Another major challenge with high-resolution methods is the difficulty of computing accurate potentials for atomic-detail protein modeling in solvent; with electrostatic and solvation terms being among the most difficult terms to accurately model. Full treatment of the free energy of a protein conformation (with correct treatment of dielectric screening) is not a problem with an efficient solution and the computational cost of full treatment of electrostatic free energy (by solving the Poisson-Boltzmann or linearized Poisson-Boltzmann equations for large numbers of conformations) is high. In spite of these difficulties several studies have shown that refinement of de novo structures with atomic-detail potentials can increase our ability to select and or generate near native structures. These methods can correctly select near native conformations from these ensembles and improve near native structures, but still rely heavily on the initial low-resolution search to produce an ensemble containing good starting structures (HPF2 like methods rely on initial search with HPF1 like methods) (Lee et al. 2001; Misura and Baker 2005; Tsai et al. 2003). Some recent examples of high res predictions are quite encouraging, and an emerging consensus in the field is that higher resolution de novo structure prediction (structure predictions with atomic detail representations of side chains) will begin to work if sampling is dramatically increased (thus the grid!). The solvation score is depicted in one of the three score panels in the HPF2 client.

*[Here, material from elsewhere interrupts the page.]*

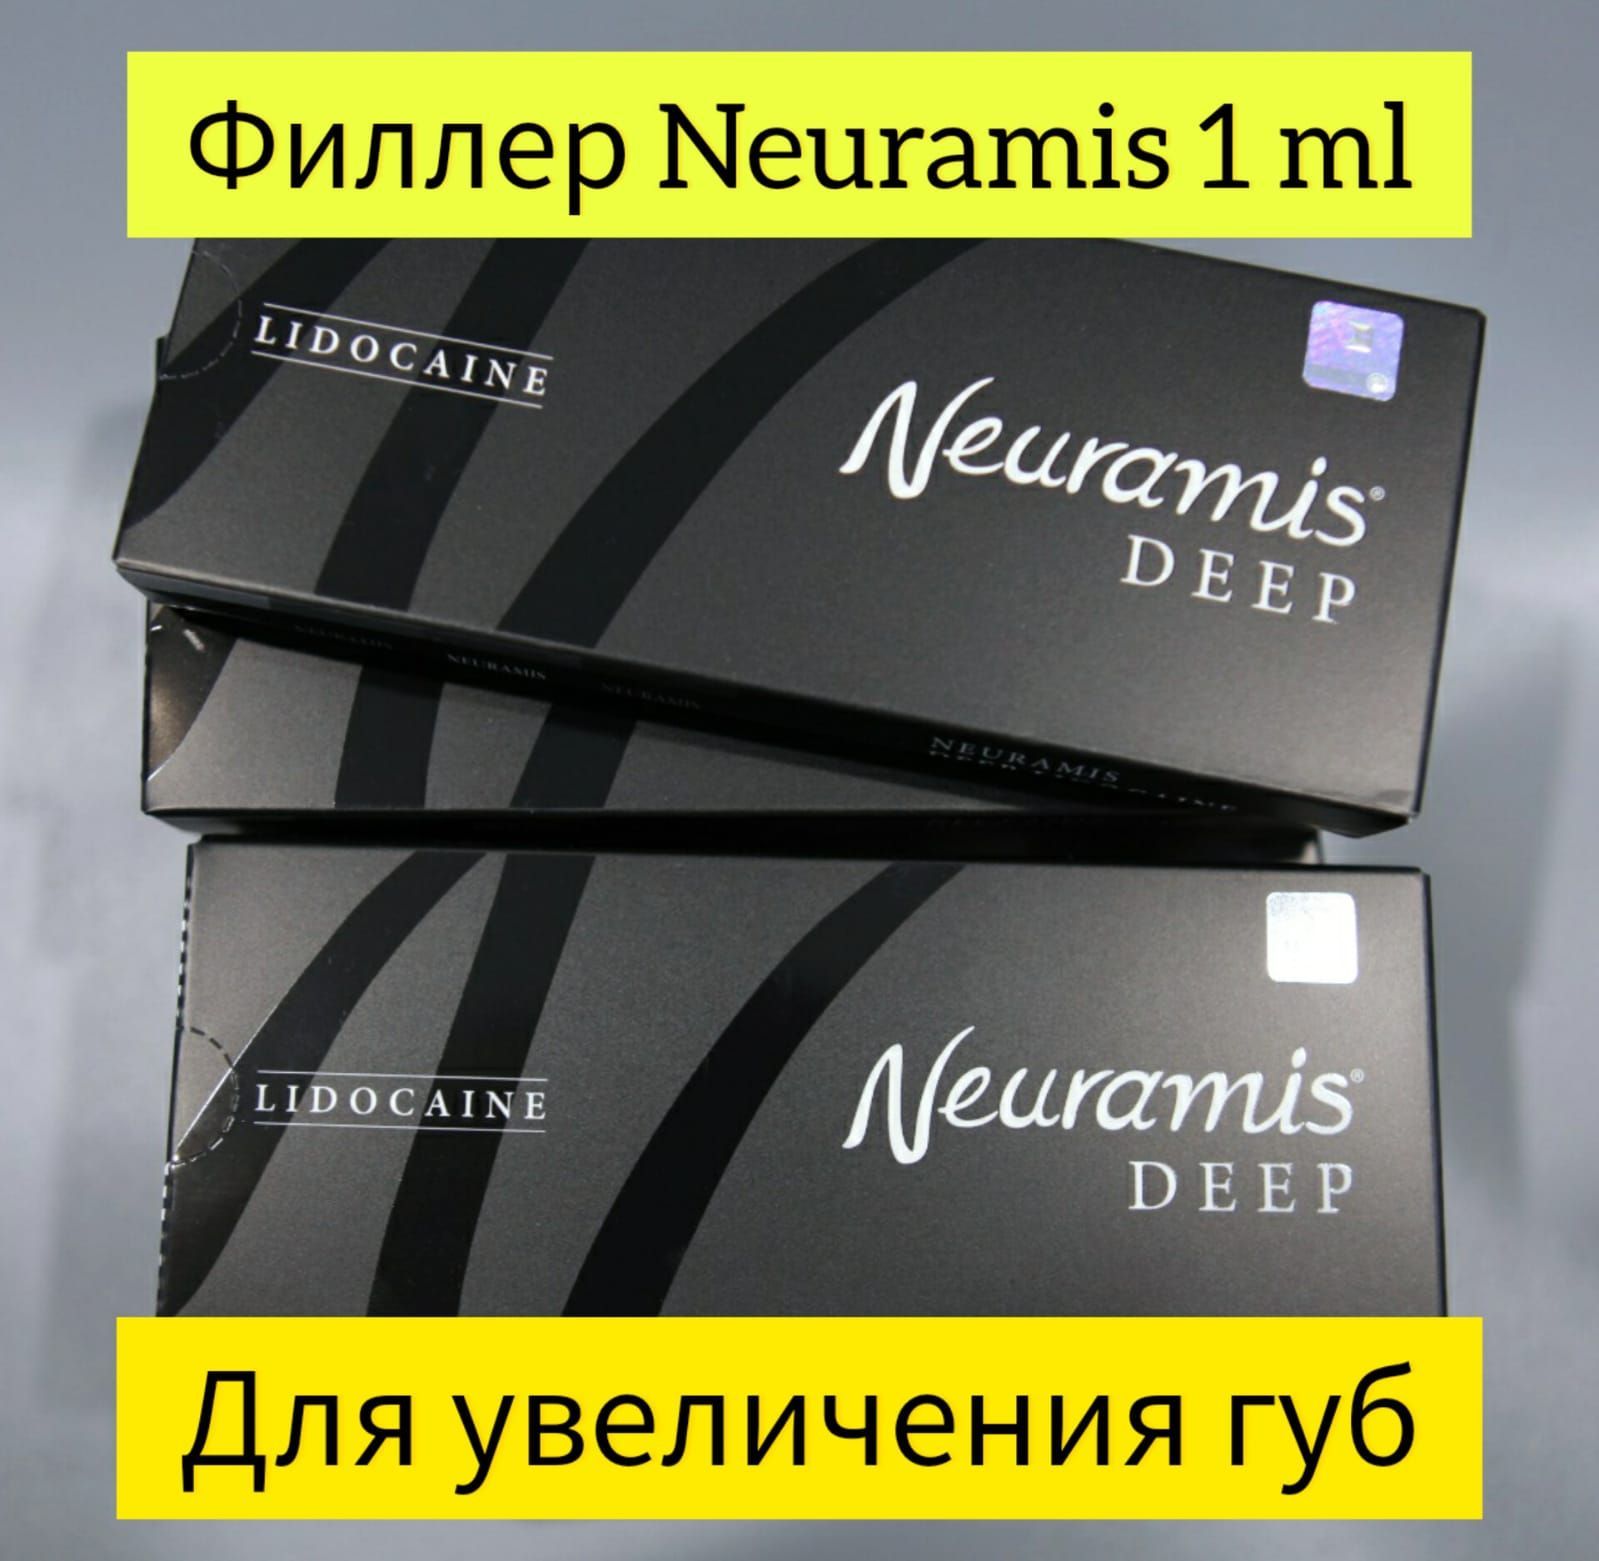 Neuramis филлер отзывы. Неурамис дип отзывы. Скулы Нейрамис отзывы. Препарат Нейрамис для увеличения губ отзывы.

HPF1 vs. HPF2: Res-res pair score

The pair score in HPF2 is like the pair score in HPF1, but HPF2-pair score takes the position of Rotamers (a way of efficiently representing all side chain atoms) instead of centroid positions (representing the amino acid as a blurred out single point). So think of the HPF2 pair score as a all-atom version of the HPF1 pair score (appropriately re parameterized, of course).



Higher resolution is important for other methods as well

Progress in high-resolution structure prediction will invariably be carried out in parallel with methods including but not limited to: predicting protein-protein interactions, designing proteins and distilling structures from partially assigned experimental data sets. Indeed many of the scoring and search strategies that high-resolution de novo structure refinement methods employ were initially developed in the context of homology modeling and protein design (Kuhlman et al. 2002) (Rohl 2004a). The Rosetta commons is currently developing Rosetta for all these methods and more. The part of Rosetta we use for HPF2 is less than half the code.